This shift in Fernley's primary resource has come about because an arsenic-removing water treatment plant for the city's ground water would cost about $7 million while a plant to treat canal irrigation water for consumption would be closer to $5 million. It's simple economics. As with many other western towns, Fernley's ground water just meets the old federal arsenic standard for drinking water of 50 ppb - but is not close to the new 10 ppb maximum contaminant level (MCL), set to become effective by late January, 2006. (Fernley received an extension from Nevada and won't have to meet the new standard until 2009.)
With a population that has doubled in the past eight years, Fernley also must deal with the mounting issue of the quantity of water available for the population. It's a huge conundrum for smaller towns increased costs of treating a dwindling water supply for a growing population.
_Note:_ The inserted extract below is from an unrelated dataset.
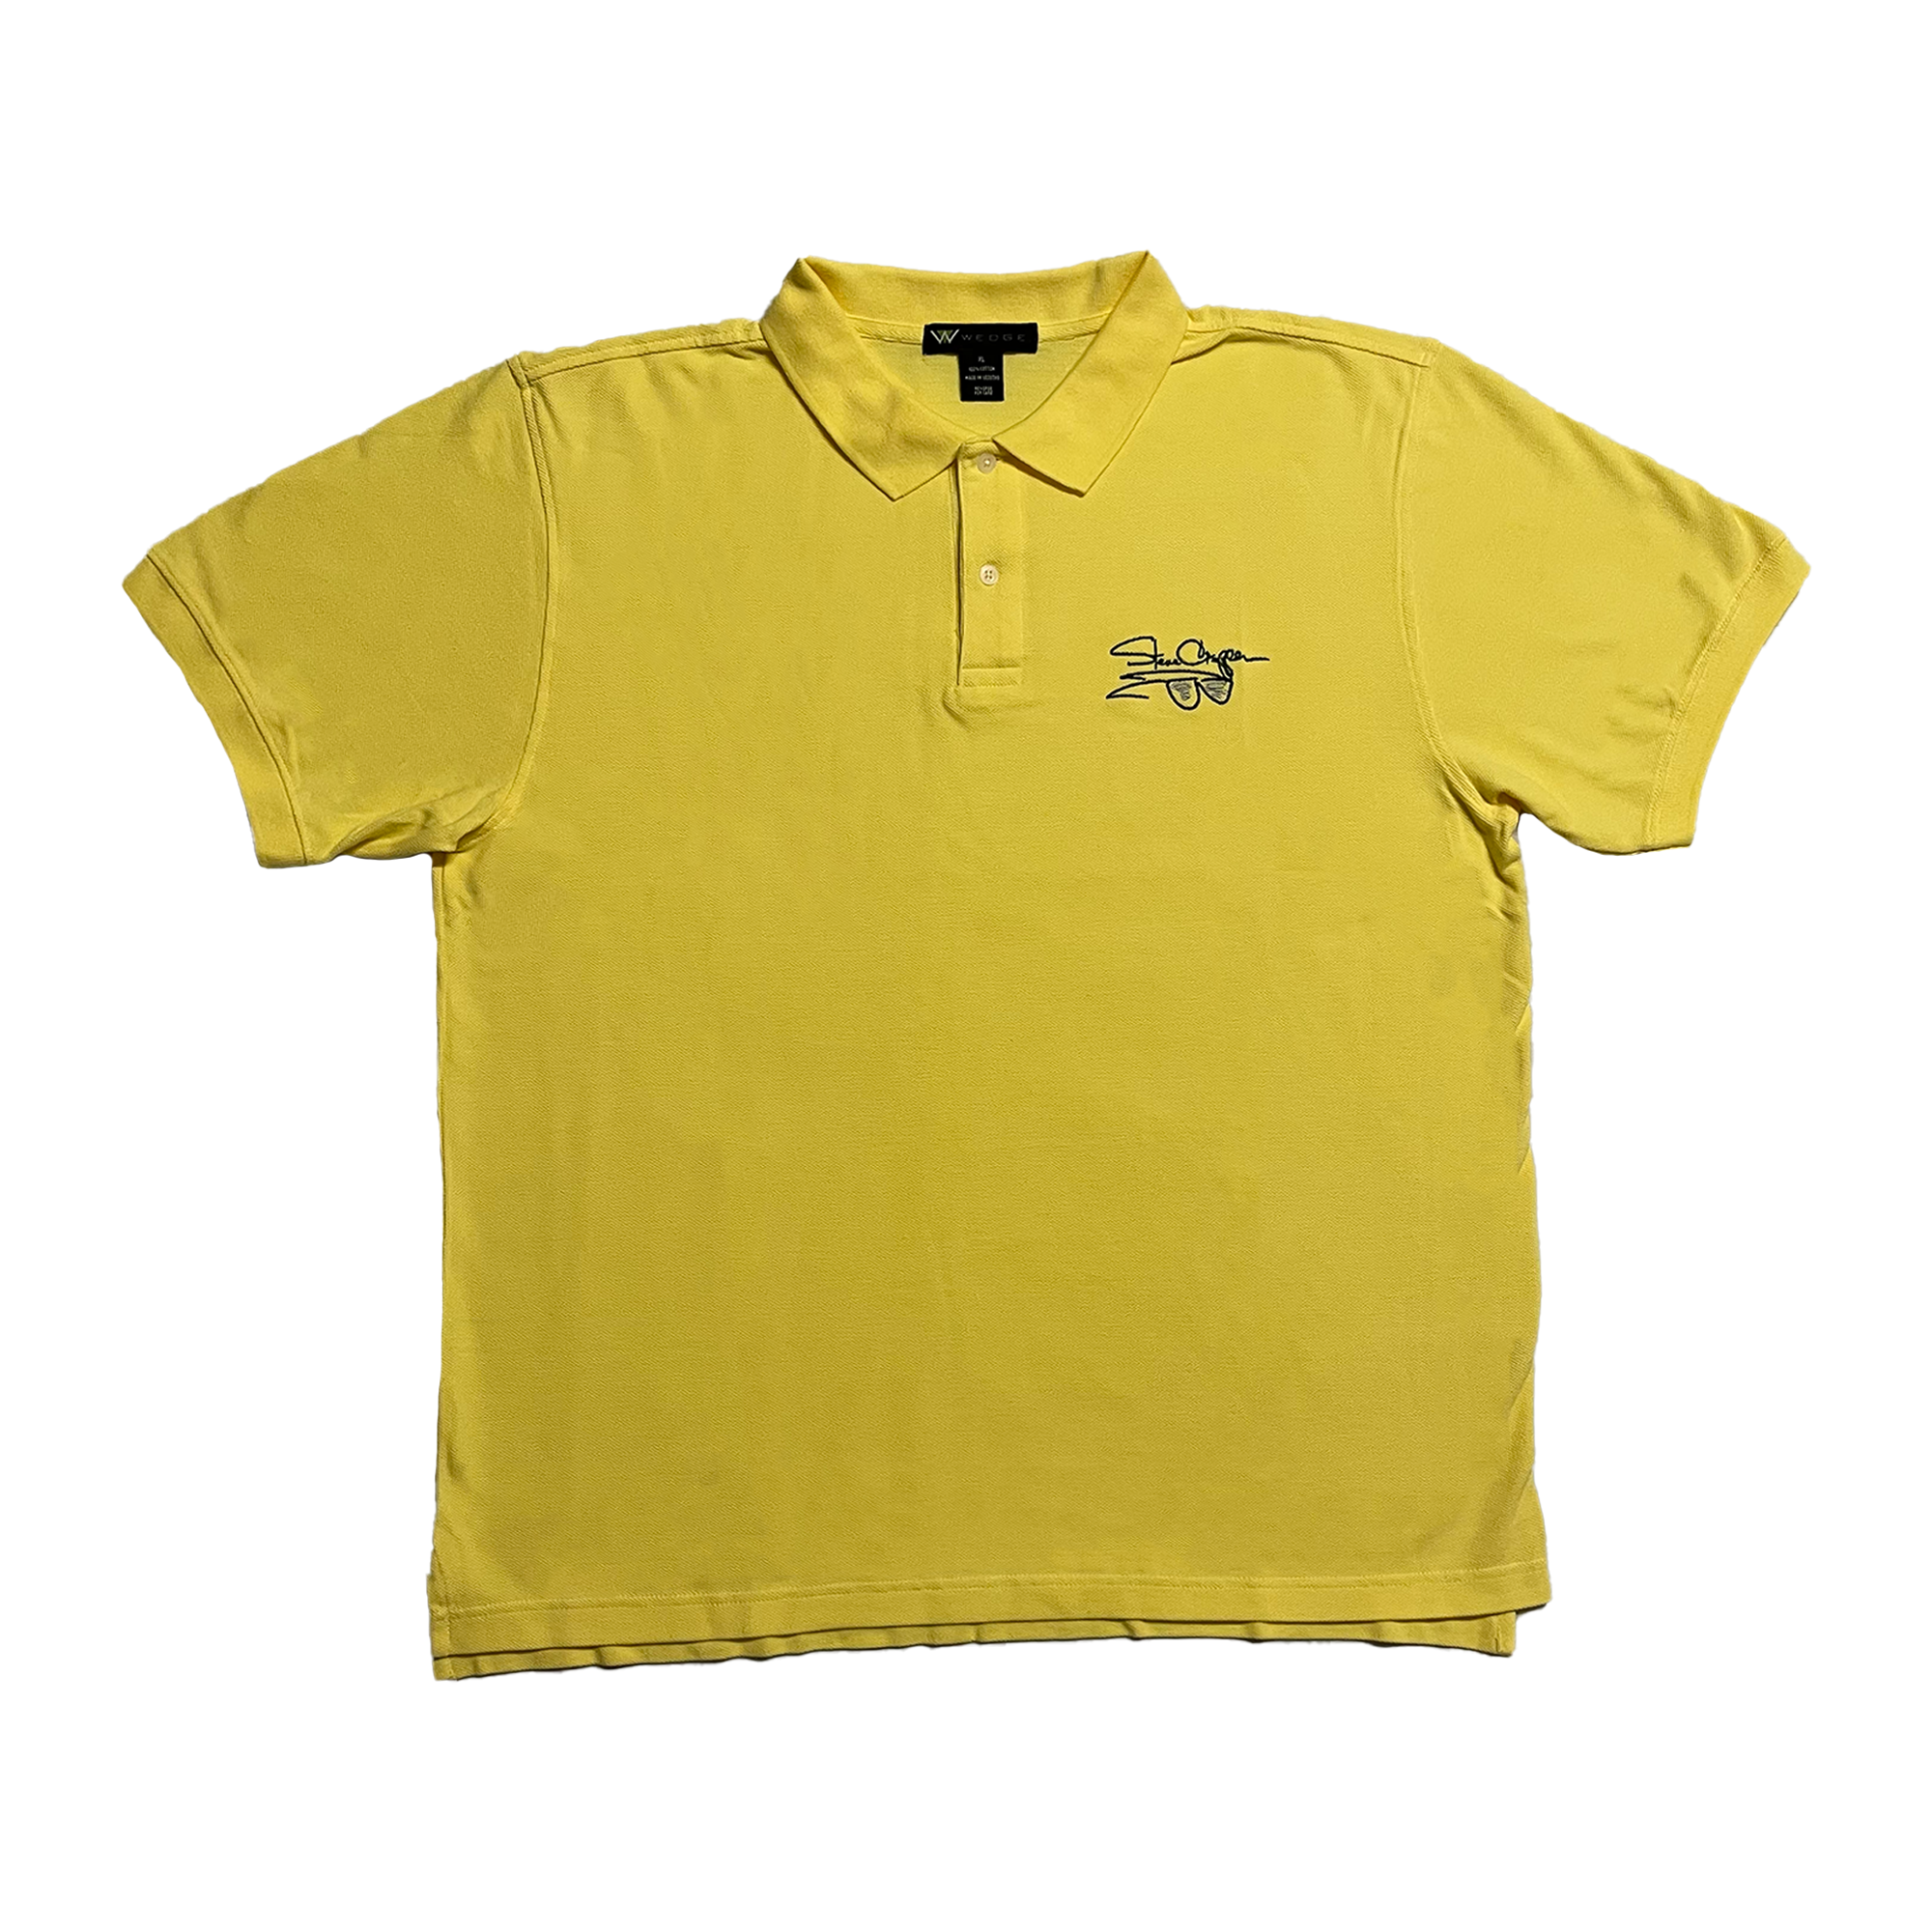 Steve Cropper - Embroidered Yellow Polo Shirt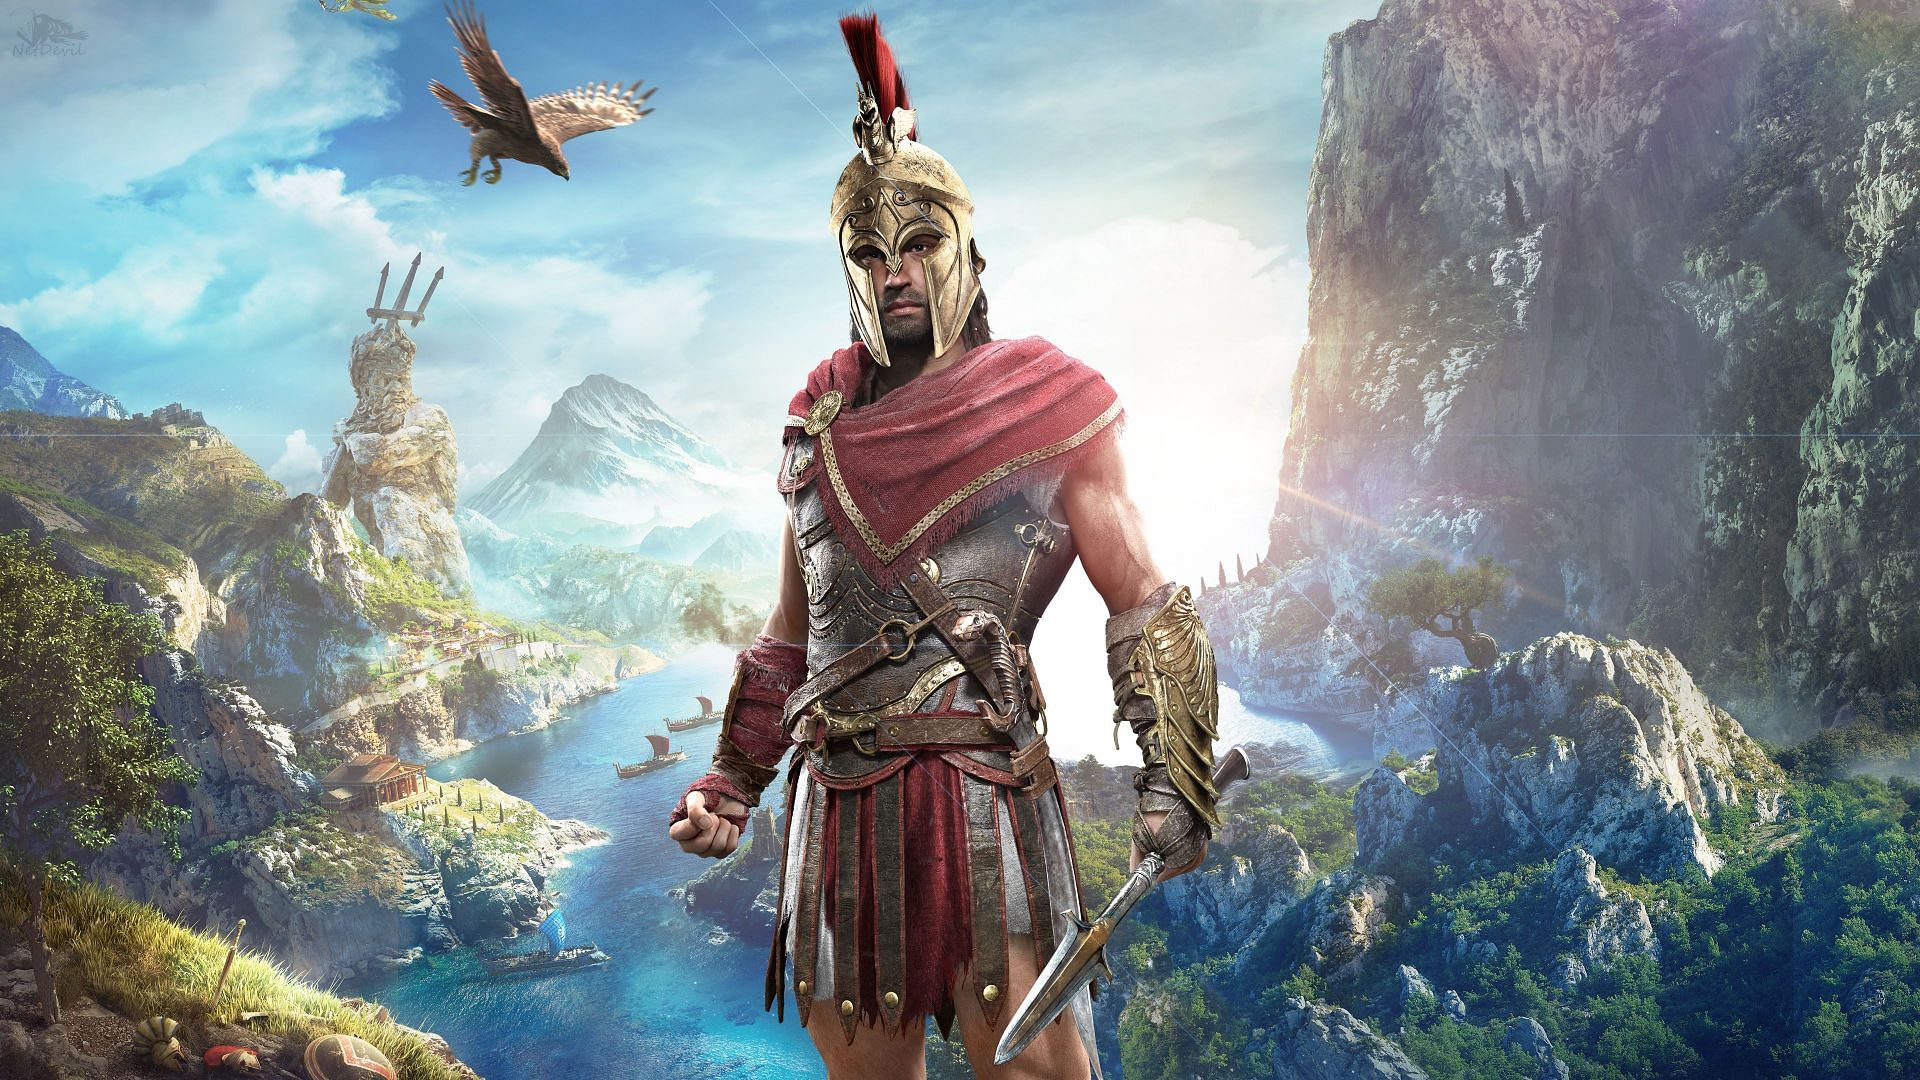 Alexios was one of the characters you can play as in Odyssey. (Image via Ubisoft)

Lost in the shuffle, once again, is the viable option of using point-of-use and point-of-entry (POU/POE) devices in towns of Fernley's size - perhaps the most economical solution to both arsenic removal and source water scarceness as an option. Instead of abandoning well water due to arsenic treatment issues, distributed use of POU/POE devices coupled with a smaller draw from the Truckee Canal using conventional treatment could satisfy the lower arsenic limit as well as alleviate strain on water availability.
The bottom line, according to WQA: Many, if not most, local water treatment officials are unaware of the Environmental Protection Agency's (EPA) officially recognized option of using POU/POE technologies to meet EPA guidelines for MCLs - including arsenic. Also, many state officials don't recognize the option of using POU/POE, even though the EPA does.